# Poncho / Cape Knit



## SouthernGirl (Dec 28, 2011)

These ponchos were designed to give the knitter many choices in colors, sizes, and embellishments. Knit an au naturel poncho OR personalize the poncho with your favorite applique or double stitch design. Both the front and back of the ponchos serve as your personal canvas with endless possibilities.

$4.00
http://www.ravelry.com/patterns/library/snowy-poncho---two-patterns---many-possibilties


----------



## TinaBW (Nov 20, 2012)

Those are lovely patterns, SouthernGirl. I have them saved in my ravelry library for purchase later.


----------



## Grammax8 (Feb 9, 2012)

Have also added to my library....will purchase soon.
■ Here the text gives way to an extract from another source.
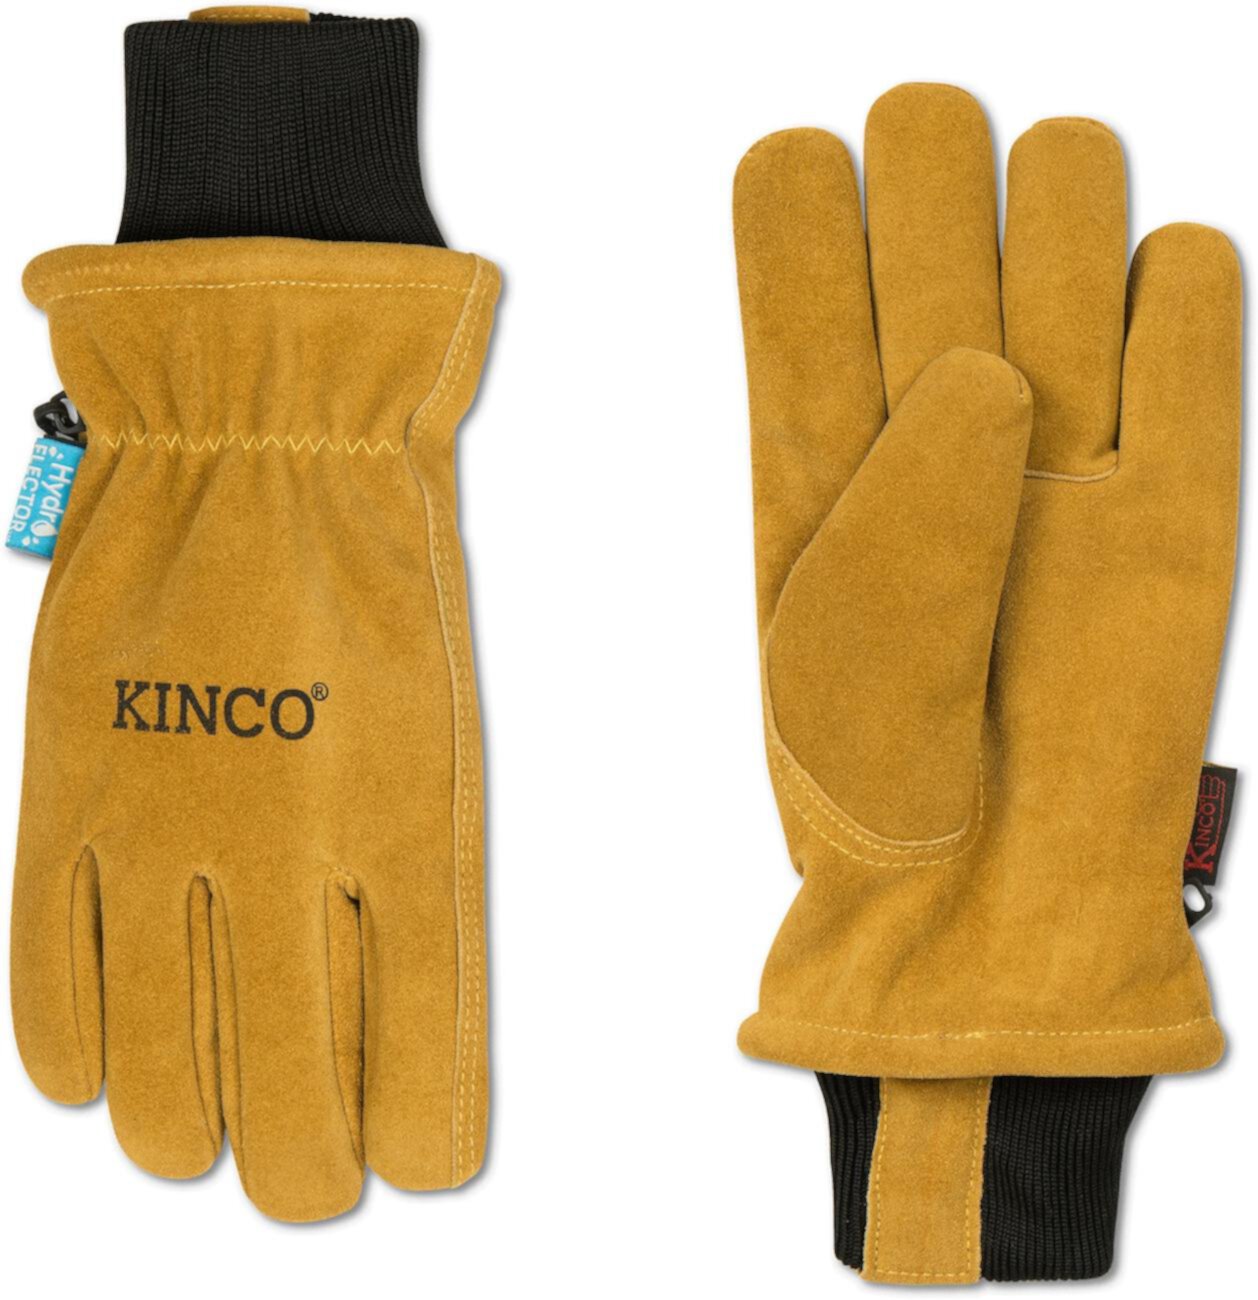 Водительские перчатки из воловьей кожи с подкладкой из замши Kinco

Thank you for posting.


----------



## kiwiannie (Jul 30, 2011)

Very pretty southern girl. :thumbup: :thumbup:


----------



## laurelarts (Jul 31, 2011)

They are gorgeous!!!!


----------



## Sewbizgirl (May 11, 2011)

Really nice, and at that gauge they will knit up quickly!


----------



## belleflower (Apr 23, 2013)

SouthernGirl said:


> These ponchos were designed to give the knitter many choices in colors, sizes, and embellishments. Knit an au naturel poncho OR personalize the poncho with your favorite applique or double stitch design. Both the front and back of the ponchos serve as your personal canvas with endless possibilities.
> 
> $4.00
> http://www.ravelry.com/patterns/library/snowy-poncho---two-patterns---many-possibilties


Simple and chic. Pure classxx


----------



## Rainebo (Apr 22, 2012)

Lovely! Love that it gives the knitter room to add their own creativity.


----------



## Hazel Blumberg - McKee (Sep 9, 2011)

Lovely!

Hazel


----------



## yona (Feb 7, 2011)

Very pretty.


----------



## oge designs (Aug 14, 2012)

Looks like these would knit up quickly, would make a wonderful christmas present for someone special. Lovely pattern


----------



## GrandmaJan (Sep 3, 2012)

Oh, ya, I really like these. Future reference!


----------



## Gypsycream (Nov 23, 2011)

This is lovely, especially like the longer version.


----------